**WORKING DATA:**
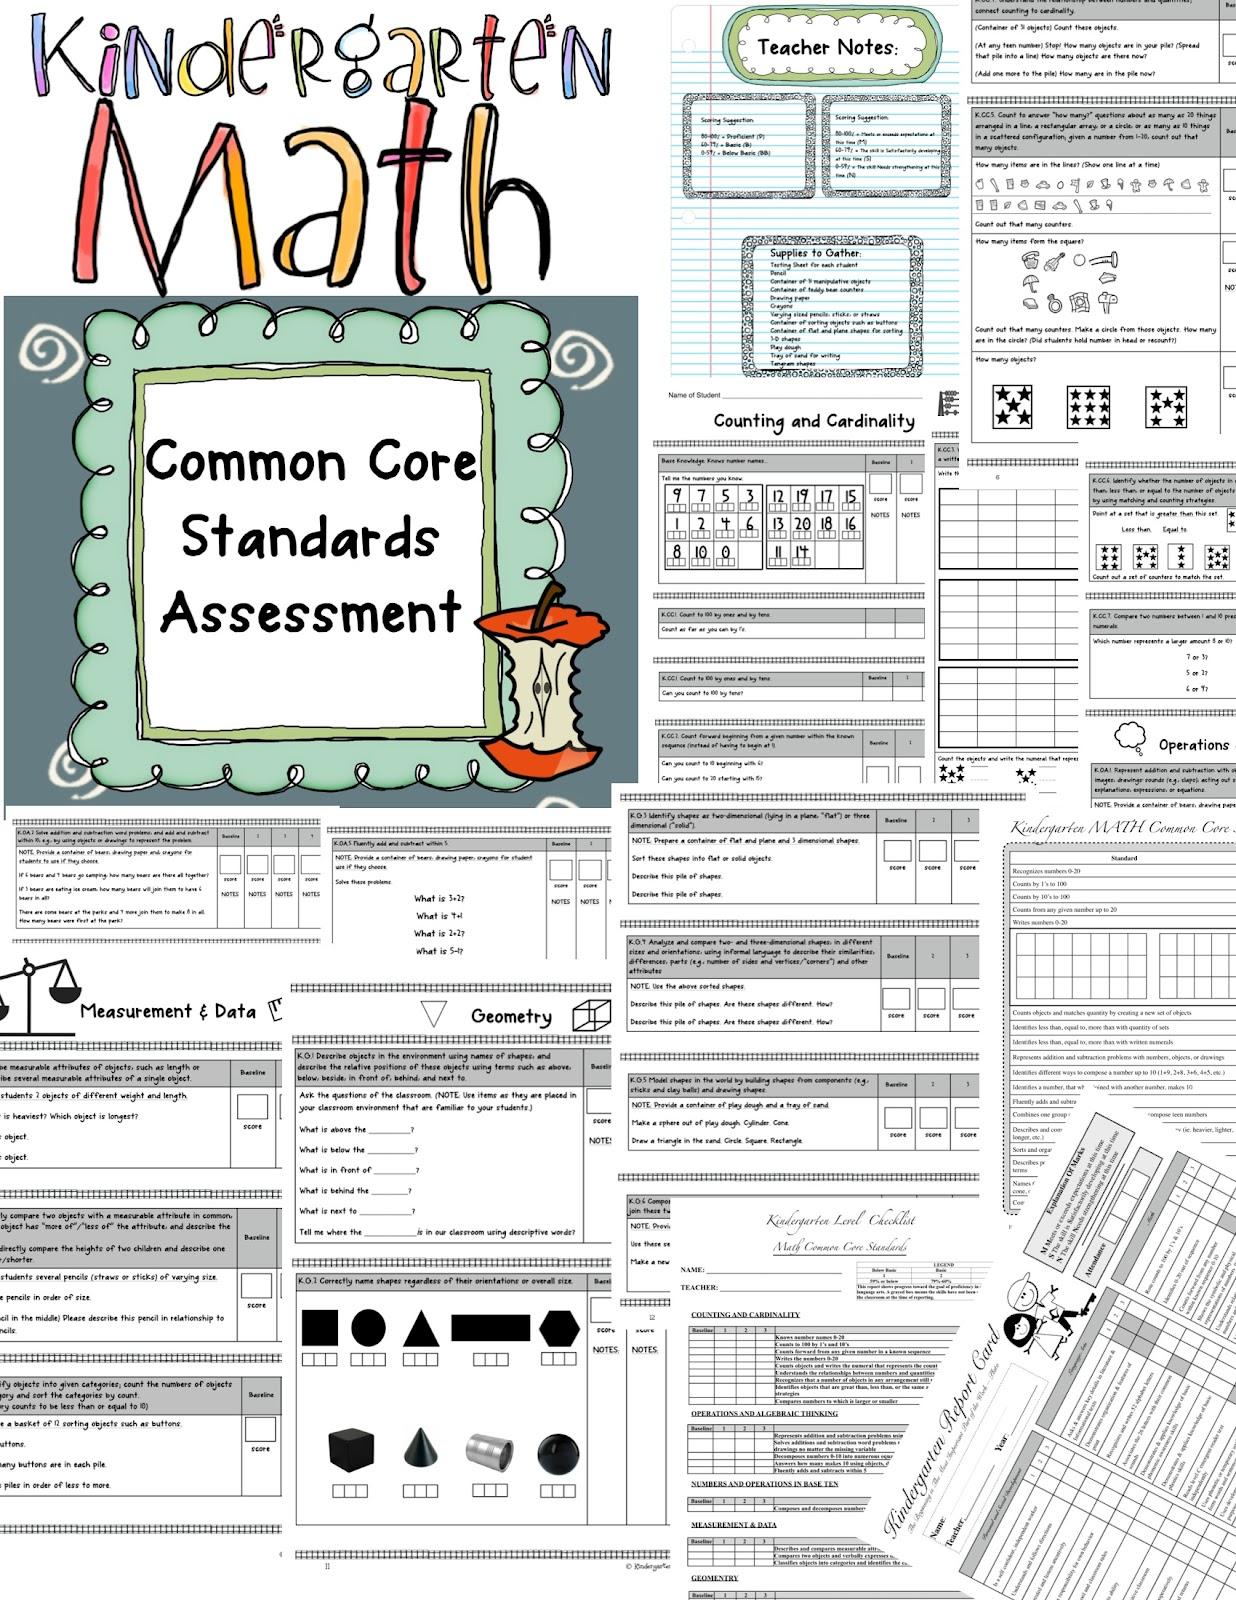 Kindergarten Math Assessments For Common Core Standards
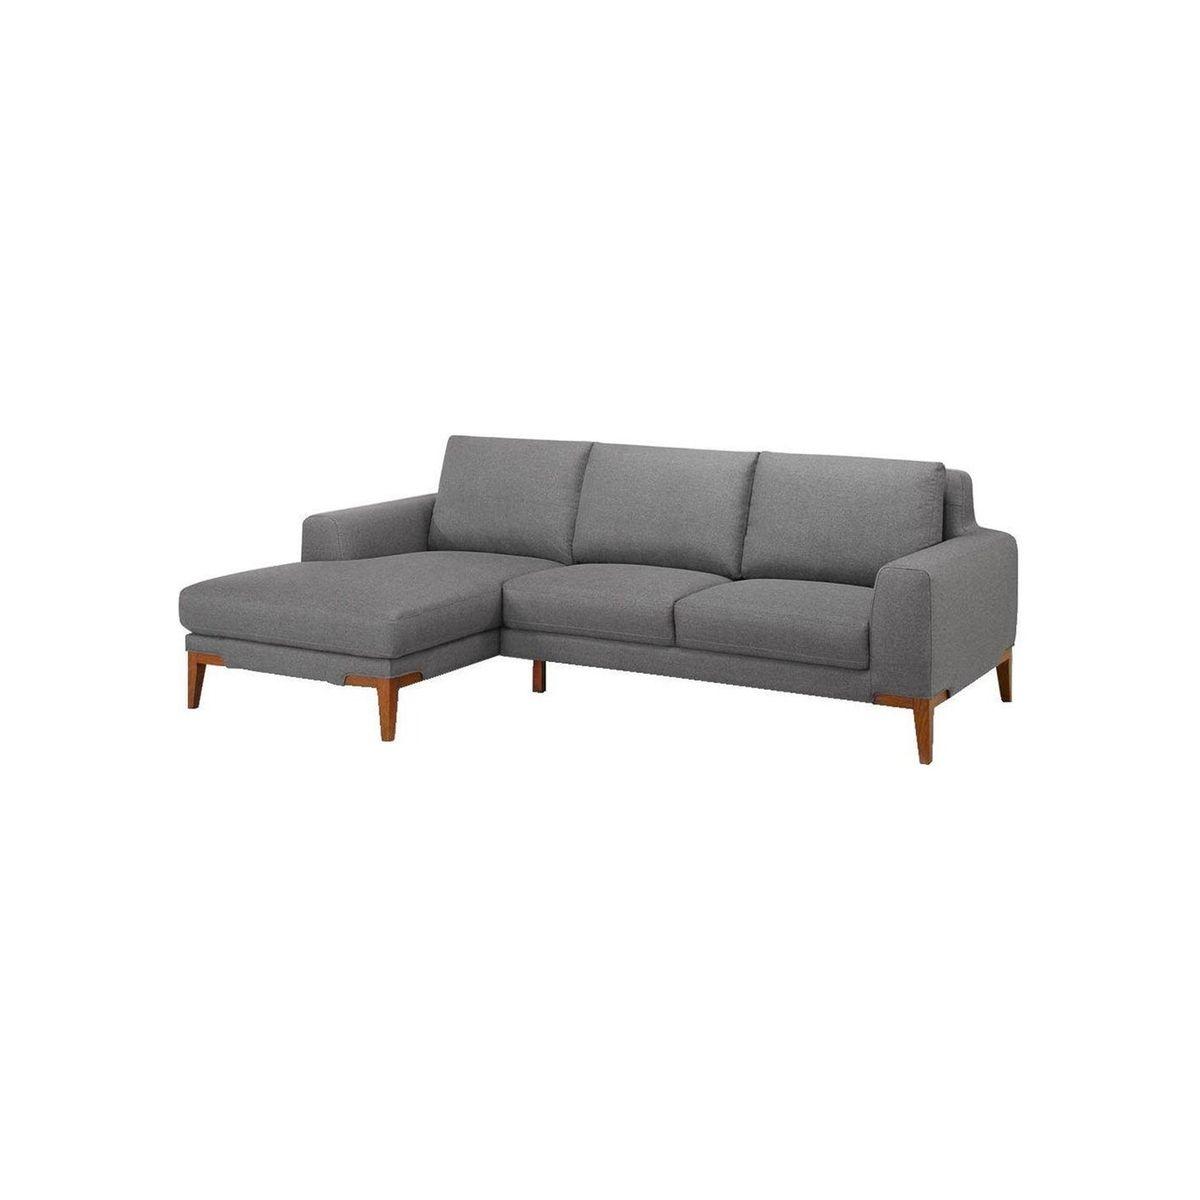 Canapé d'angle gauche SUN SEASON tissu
--
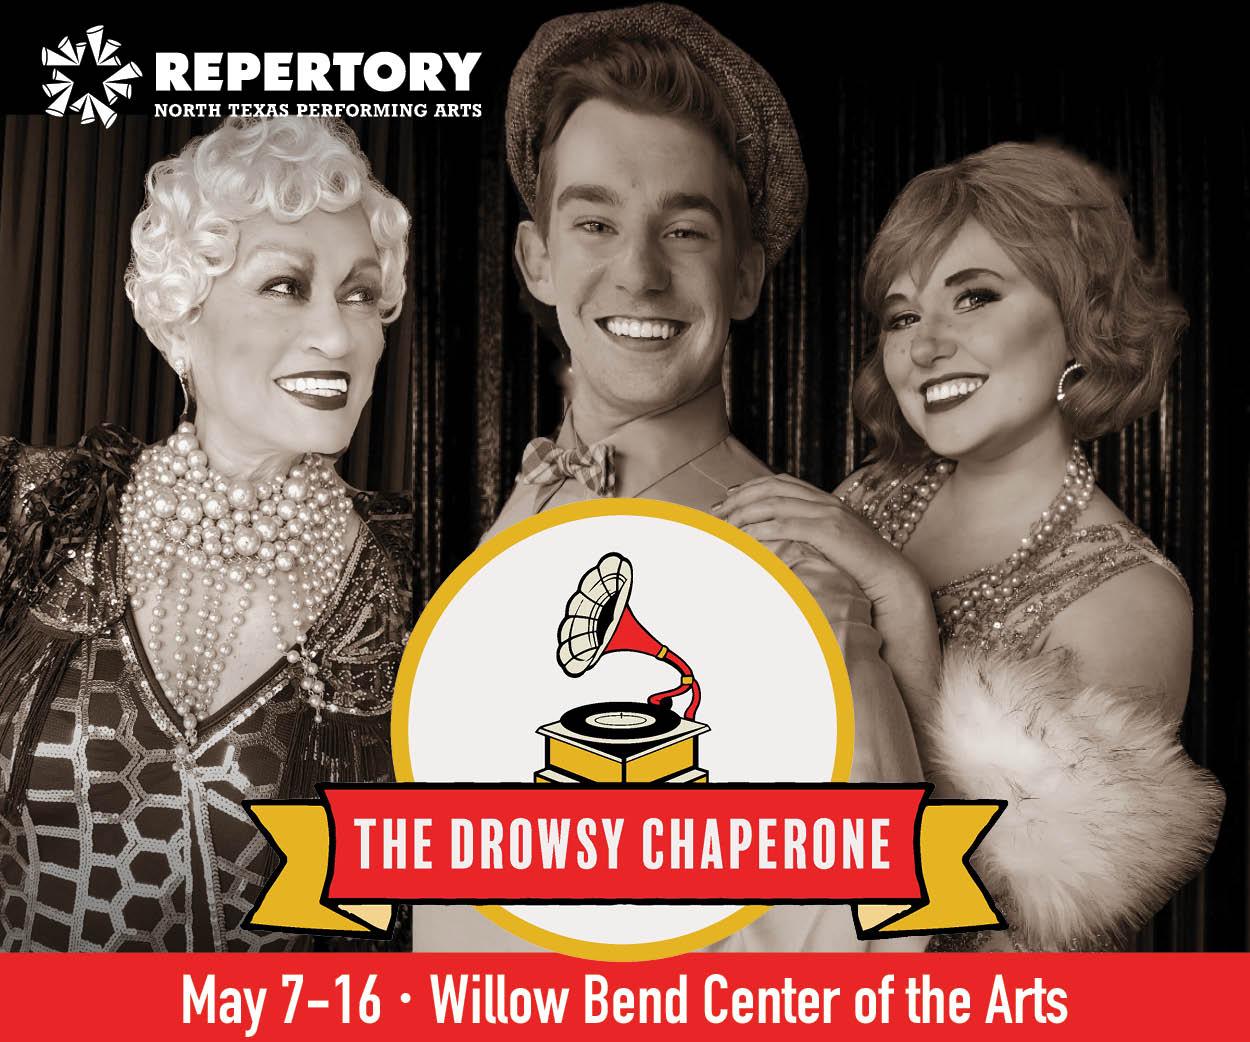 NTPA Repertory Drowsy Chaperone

**EXERCISE BRIEF:**
Range to print from the listing above: from the line with "Kindergarten Math Assessments" up to and including the line with "Canapé d'angle gauche SUN SEASON tissu". Please print those lines exactly, with no pictures and nothing more.

**RESPONSE TO THE TASK:**
 Kindergarten Math Assessments For Common Core Standards
 Canapé d'angle gauche SUN SEASON tissu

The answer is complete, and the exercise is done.